Le chiffre d’affaires de la société est en constante augmentation, porté les services de contenus numériques (télévision en direct, télévision et musique en streaming par abonnements, vente d’articles virtuels dans les jeux (tout élément utile pour l’amélioration du jeu). Ce chiffre atteignait, fin décembre 2017, 237,8 milliards RMB (30,03 milliards d’euros) , dont 65 % provenaient des jeux, portails et contenus, le reste provenant de la publicité et des autres activités (dont les services de cloud dans 45 pays, autour de 17 % dans les deux cas).

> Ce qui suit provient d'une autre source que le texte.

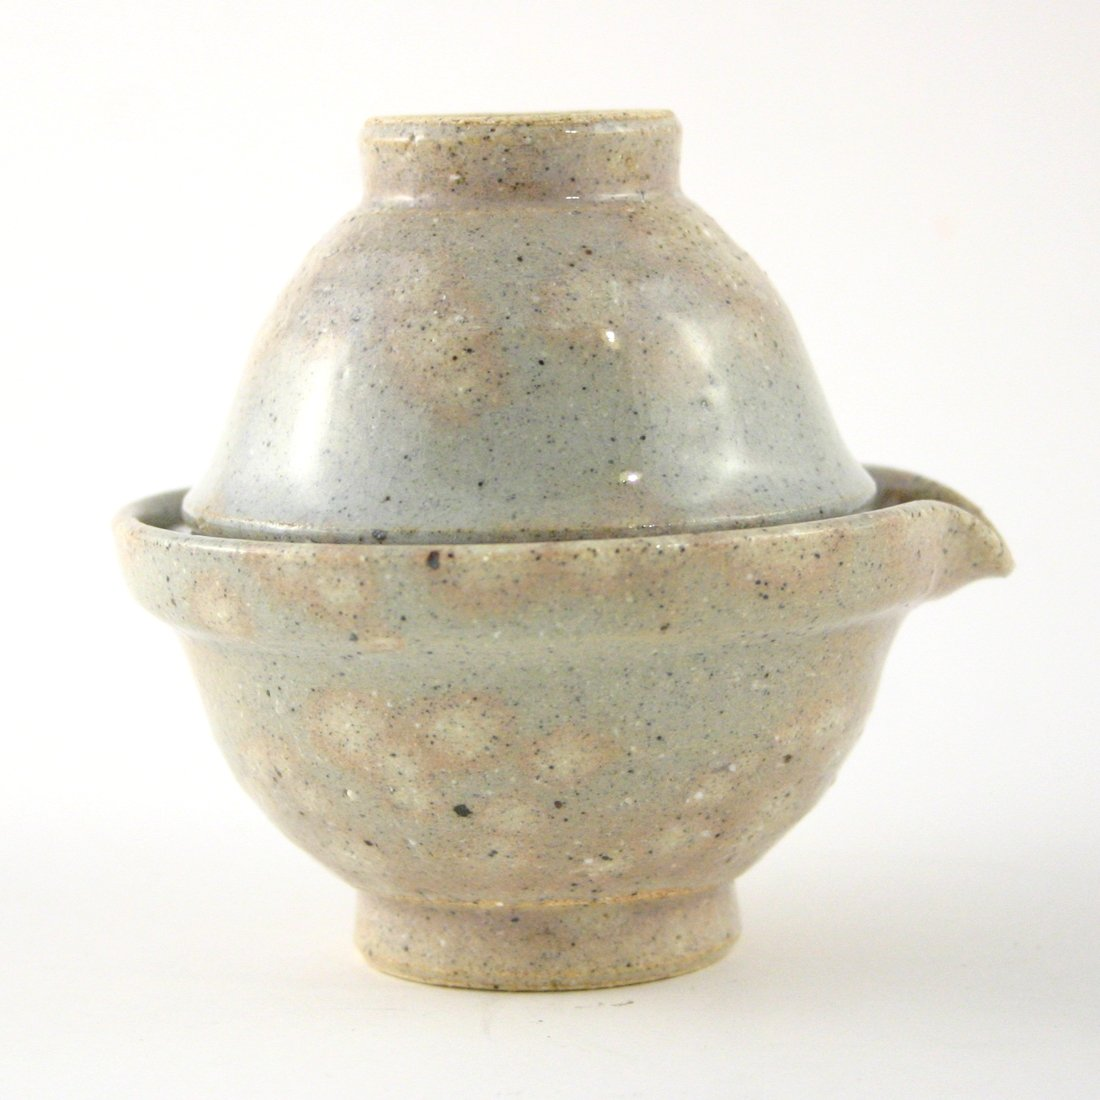 Traditional Tea for One / Korea / Momiji / Hand-made / Travel Teaset

Tencent s’est lancée dans la création de contenus numériques exclusifs, tant vidéo (films et séries TV, notamment avecWeChat Film), musicaux (vente d’albums et collecte de dons sur sa plateforme de karaoké, WeSing), que littéraires, (avec l’éditeur en ligne China Literature). Tencent est devenue la première plateforme de contenus vidéo en Chine par nombre d’utilisateurs quotidiens et d’abonnements. China Literature a développé des initiatives innovantes de littérature en ligne. Elle s’appuie sur quelques 4 millions d’auteurs (un peu à la façon d’Amazon avec Goodread), qui ont publié 10 millions de romans et nouvelles touchant 600 millions de lecteurs. Certains titres sont devenus de très grands succès.

 

Après sa prise de contrôle pour 2,7 milliards de dollars, en 2016, de la compagnie de streaming de musique China Music, Tencent est aussi devenue l’acteur dominant de musique en ligne en Chine avec ses trois plateformes de distribution : QQ Music, KuGou and Kuwo. Au second trimestre 2018, cette activité touchait 872 millions d’utilisateurs actifs mensuels. En 2018, Tencent a annoncé l’introduction  de sa filiale Tencent Music Entertainment Group à la Bourse de New York.

 

 Au fil des années, Tencent est devenue l’un des grands investisseurs chinois à l’étranger   

La société commencera à investir à l’étranger en 2008, d’abord en Inde dans ibibo, un réseau social devenu site de commerce électronique et de voyage, puis en Russie l’année suivante dans le portail russe Mail.ru, la principale plateforme russe de jeu en ligne , dans les deux cas sous la houlette de son principal actionnaire, le groupe de médias sud-africain Naspers. Au fil des années, Tencent est devenue l’un des grands investisseurs chinois à l’étranger. En Thaïlande en 2010 dans le portail web Sanook, en 2011, dans la société de jeux américaines Riot Games, en 2013 dans la plateforme de jeux de Singapour, Garena, en 2015, dans une autre société de jeux américaine, Glu Mobile . Son investissement le plus spectaculaire sera l’acquisition, en 2016, de la société de jeux vidéo finlandaise Supercell (éditeur du succès mondial Clash of Clans), pour un montant de 8.9 milliards de dollars. Probablement le rachat le plus important dans l’industrie mondiale du jeu. En mai 2018, elle a repris la société de jeux de Nouvelle Zélande, Grinding Gear Games. Si l’on considère les seuls investissements par acquisition de sociétés cotées, ils s’élevaient, fin 2017, à 6,46 milliards d’euros dont 5,72 pour les seuls États-Unis(4). Ainsi, Tencent a tissé progressivement sa toile internationale, tout en continuant à privilégier ses investissements domestiques. À l’occasion de ses 20 ans, la société annonce vouloir poursuivre l’expansion des marchés du jeu en dehors de la Chine. Elle cite dans son dernier rapport intérimaire le succès à l’international des jeux Arena of Valor  et PUBG Mobile.

 

L’Inde représente l’autre scène où s’affrontent Alibaba et Tencent, même si, dans certains cas, ces deux géants peuvent coopérer. En 2015, ils entrèrent dans la start-up de contenus en streaming et de Smart TV, Whaley. En 2018, ils investiront dans la société de production de télévision Shanghai Canxing Cultural and Broadcast Company Ltd. En juillet 2018, il a également été fait état d’une tentative conjointe,avec China Media, d’acquisition de parts dans la société de publicité et de relations publiques britanniques WPP, l’une des premières mondiales.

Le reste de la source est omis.